元部員は昨年1月に県を提訴。県庁で会見した元部員は、体罰が常態化し、食事がのどを通らずに体重が7キロ減ったことや、死にたいと思ったことなど在学中の苦悩を語り、「二度と同じような思いをする生徒を出したくない」と考えての訴訟だったと強調した。
その教諭は16年2月に減給6カ月の処分を受け、昨年4月には「第2顧問」として部活に復帰した。
県教委によると、教諭は復帰前に約1年間、指導についての研修を受けた。県教委は「個別の指導方法は言えない」とするが、一般的には専門の指導員を学校に配置し、対象の教諭を指導するという。県教委は「部活で適切な指導ができない人は、普段もできない。

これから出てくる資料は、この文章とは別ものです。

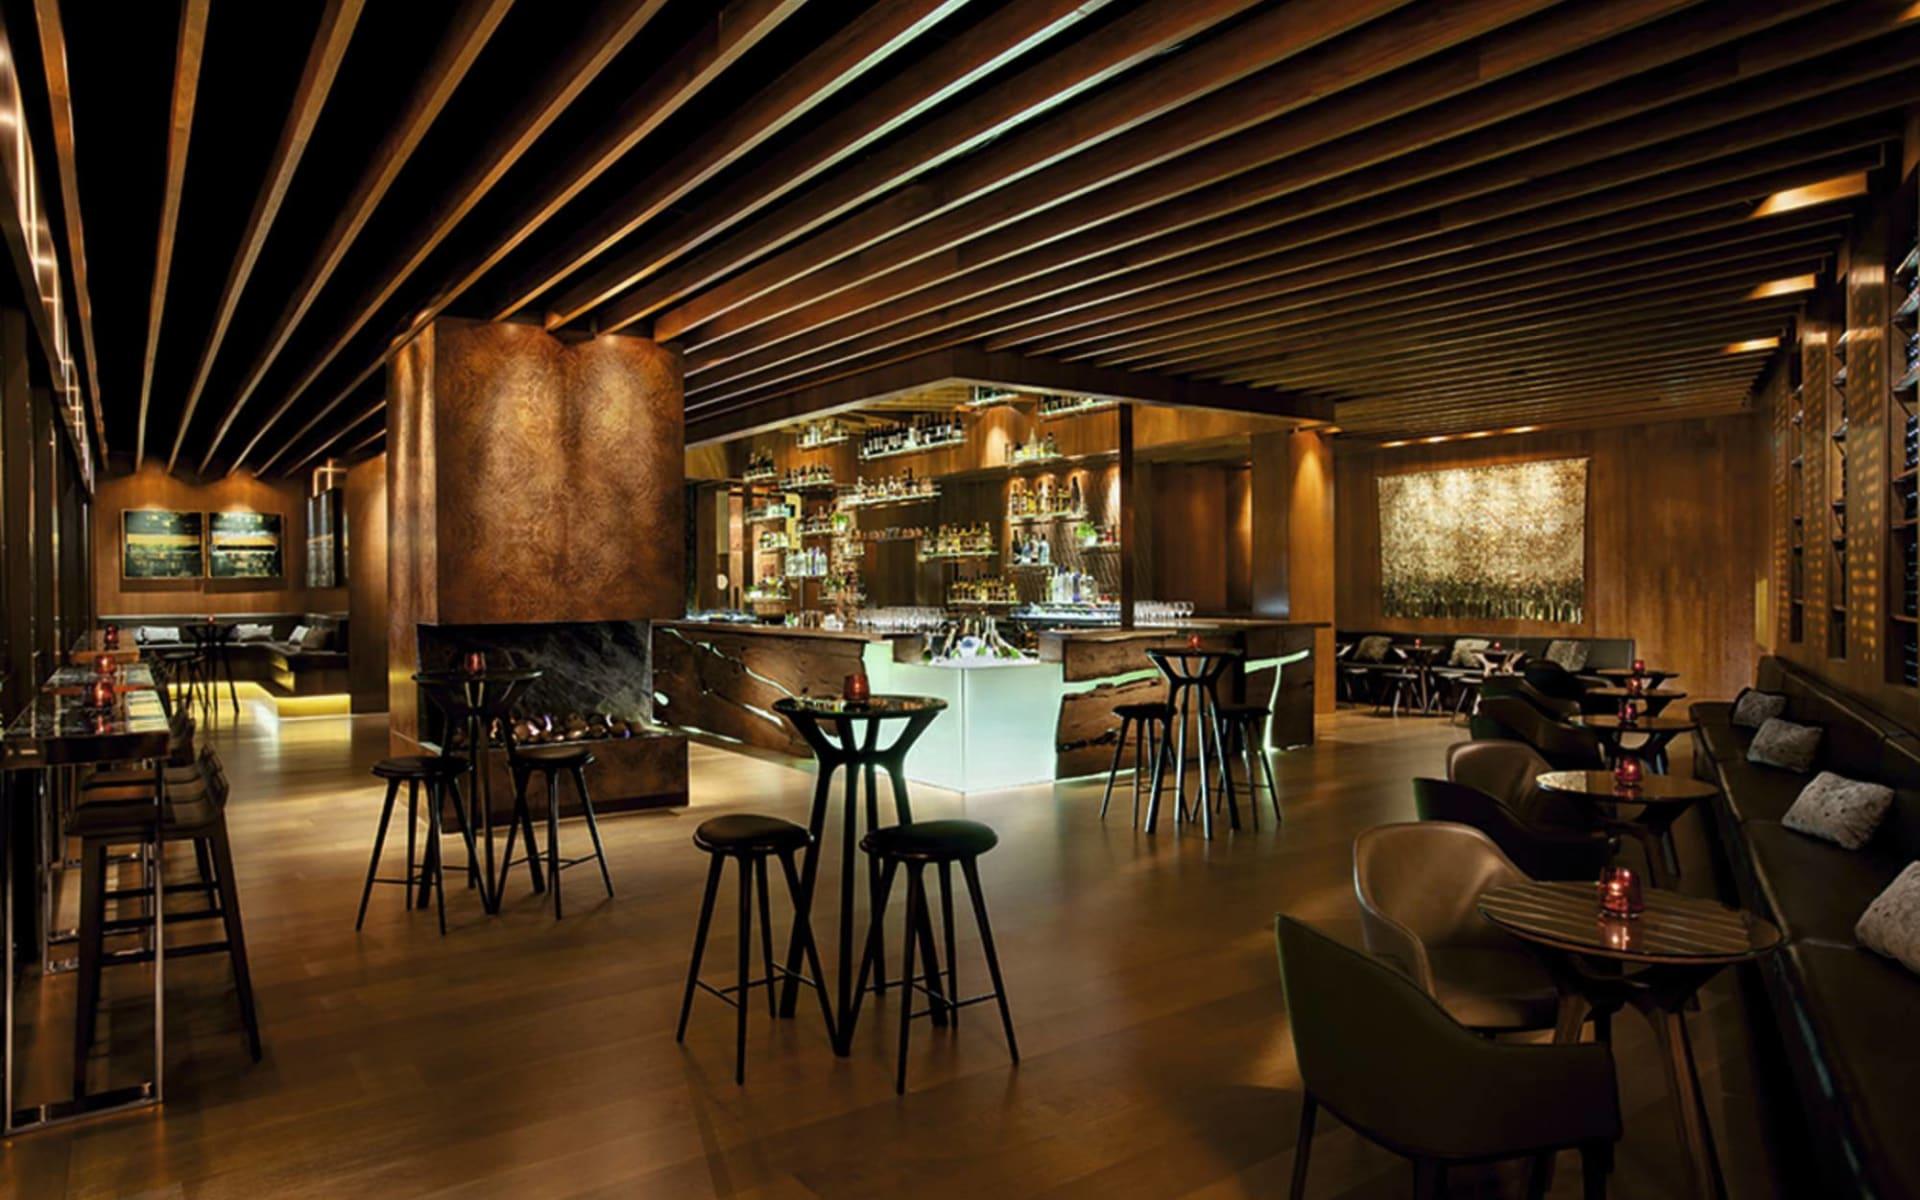 Four Seasons Hotel Sydney:  Four Seasons Hotel Sydney - Bar/ Restaurant

部活も含めての『生徒指導』という観点で、生徒との接し方を指導している」と説明する。
しかし、復帰について元部員への連絡はなかった。
元部員の代理人の鈴木穂人弁護士は「原告側としては一番憤りを感じている部分」と話し、日本体育大の南部さおり准教授(スポーツ危機管理学)は「復帰するならば、被害にあった生徒が納得しないといけない」と指摘する。
元部員も「今まで通りでは、自分と同じ生徒が出てくる」と不安視する。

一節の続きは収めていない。